Mortgage rates No by all means, but they have grown in leaps and bounds over the past 2 weeks. Today has become another page in this story, despite the relatively friendly reaction to the Fed minutes.
What are Fed Protocols? Well, you ask! If you are familiar with the concept of “meeting minutes”, then basically we are dealing with it. In the case of the Fed, the minutes are a clear summary of the discussions that take place during the Fed’s policy meetings. These can be extremely important events for financial markets, especially for the bond market (bonds determine interest rates, including mortgages).
Even though the last Fed meeting was 3 weeks ago, traders are nevertheless eagerly awaiting any clues regarding the Fed’s future decisions. In today’s case, concern has manifested itself in the form of weakness in the bond market ahead of the protocol (weaker bonds imply higher rates) followed by recovery after the Protocols turned out to be rather boring.

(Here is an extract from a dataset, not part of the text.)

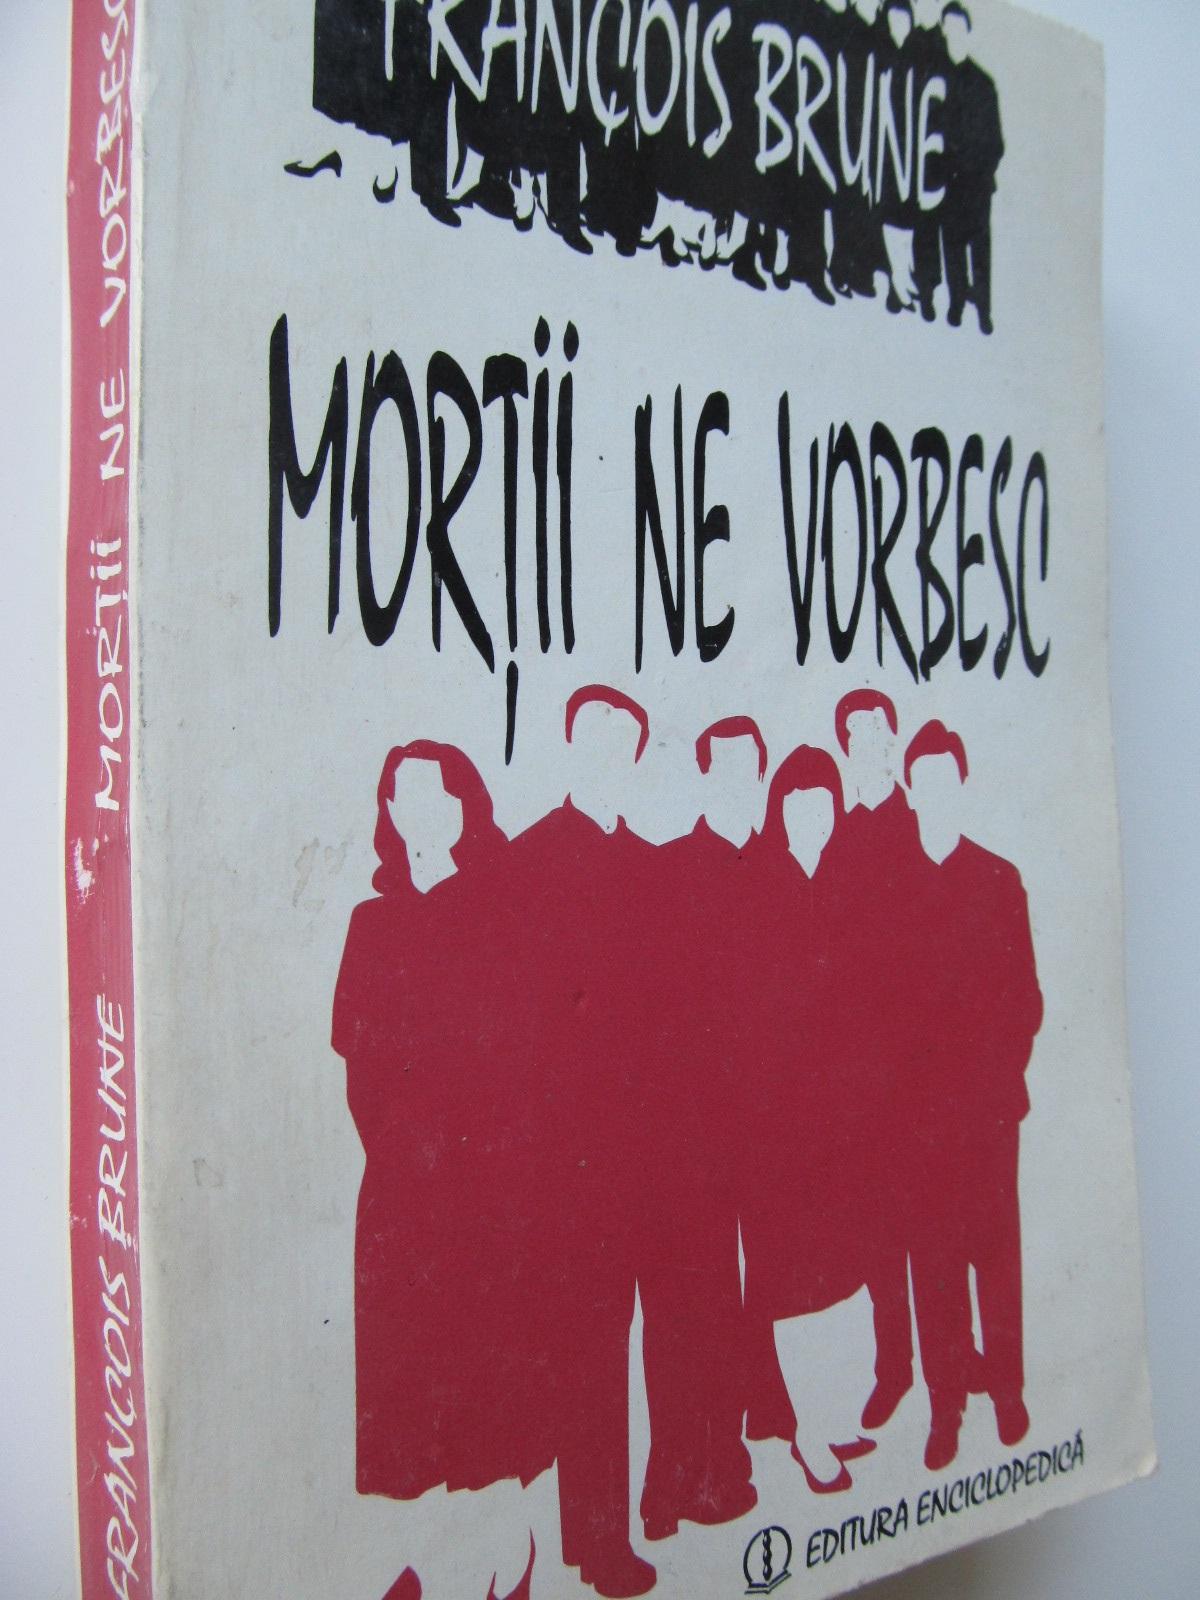 Mortii ne vorbesc - Francois Brune | Detalii carte

What did the Fed say? There are not so many words: “nothing new.” Any information contained in the minutes has long been known during the numerous speeches of the Fed over the past 3 weeks. Moreover, a lot has changed during this time with regard to the delta-induced Covid revival (the Fed’s main problem). If the protocol were unfriendly, many mortgage lenders could raise rates this afternoon. Currently, we have managed to avoid only a moderate increase observed at the beginning of the day (which in itself was more likely a factor in the weakness of the bond market last night).
How does this affect mortgage rates? The average lender is now priced directly according to last Monday morning. Typical top-tier 30-year fixed rates are near the 3% mark, depending on the scenario. Rates still vary significantly between lenders.